I run in the mornings. In my past life, I ran marathons. Running is a passion. Running makes me feel good. It’s when I can ignore life or embrace it. It’s what I do. So even in the dead of winter, I run. Every day. Okay…not EVERY day. But almost. 3-4 days a week. And usually once on the weekends. But I run.

So I was out running yesterday morning. Almost done with my 3-mile run, I turned a corner. As I turned, I felt one foot, the foot with imbalanced weight on it as I leaned into the turn, the foot placed precariously at an angle as I went around the bend, felt it begin to slide slip slide out from underneath me. I landed with a loud ass crack right on my hip bone.

“OWWW!” I yelled out at the top of my F*#ing lungs, SO proud of not yelling out the stream of freaking obscenities that were desperately fighting to be let out. I slammed my fist into the concrete to keep them in. And yes, of COURSE this helped. Who are you to question my tactics? You weren’t there.

Now with knuckles pounding as hard as my hip, I try to gather my feet under me well enough to stand when I hear the voice of an old man, “You all right?”

Hm, good thing I didn’t swear after all. See that, self control does pay off. “Fine,” I yell back, “I’m fine. Thanks.”

“I saw you go down, I was afraid you’d broken something. You sure you didn’t break anything?”

“No, I’m fine, nothing broken.”

“All right, if you’re sure you didn’t break anything…you sure you’re all right?”

OH MY GOD. “I’m fine, I’m sure.”

“There’s just a little patch of ice right there. Just right at that corner there. You can barely see it.”

“Yeah, I noticed…thanks.” Telling myself, he’s a neighbor, a neighbor, a neighbor. Hold the sarcasm, you can do it! You can!
“Just real thin, just right at the corner.”

OH GEEZ. “Uh huh, I figured that out already.” Trying to smile, trying to make it playful…but just shut the hell up while I’m still managing.

“Bet you’ll take that corner tighter next time.” He laughed. Laughing at me?

I have to get myself out of here before a non-neighborly side of Penney shows up. I sucked in my breath and pushed up on my pounding knuckles.
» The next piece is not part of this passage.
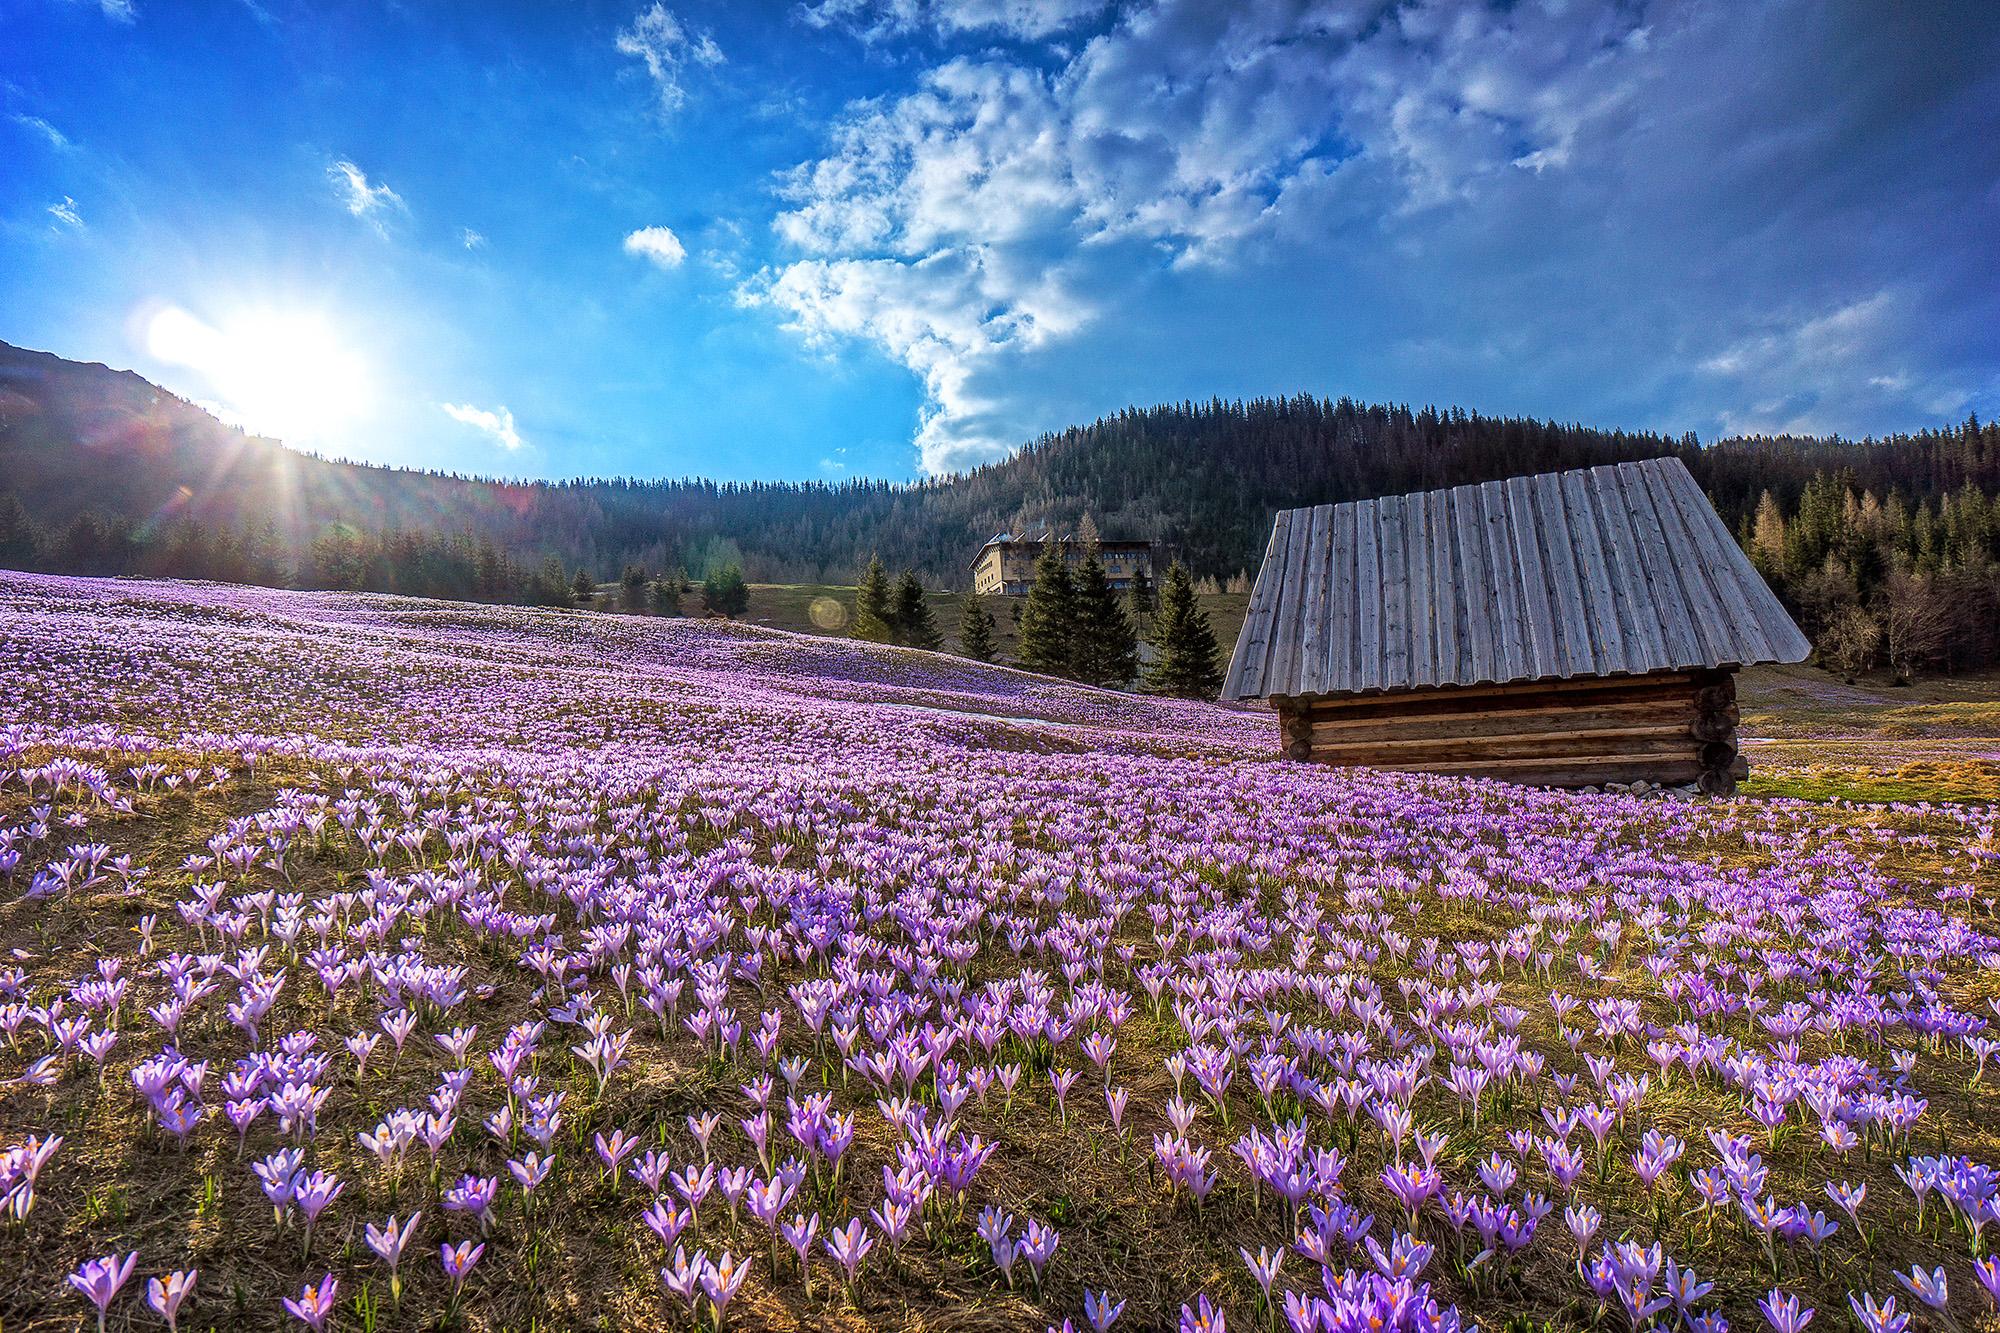 kalatowki, krokusy, wiosna, kwiaty, kasrpwy wierch, zawracik kasprowy, szalas

“If it makes ya feel better, ya looked real graceful doin’ it. Real graceful. Reeeeal pretty.” The old man was yelling behind me. Oh, who am I kidding, he was still in front of me. My steps were about two inches wide. I resisted the urge to flip him off.

“Yeah, thanks, that makes me feel a LOT better.” My eyes rolled despite the voice in my head demanding that they stay still for ONCE.

As I limped away I thought to myself, take that corner wider next time? Yeah right. That would require fore-thought. When I’m running, I don’t think about RUNNING. I’m thinking a million other things. My mind is nowhere near that corner of lawn, nowhere near that black ice.

Think ahead, my ass.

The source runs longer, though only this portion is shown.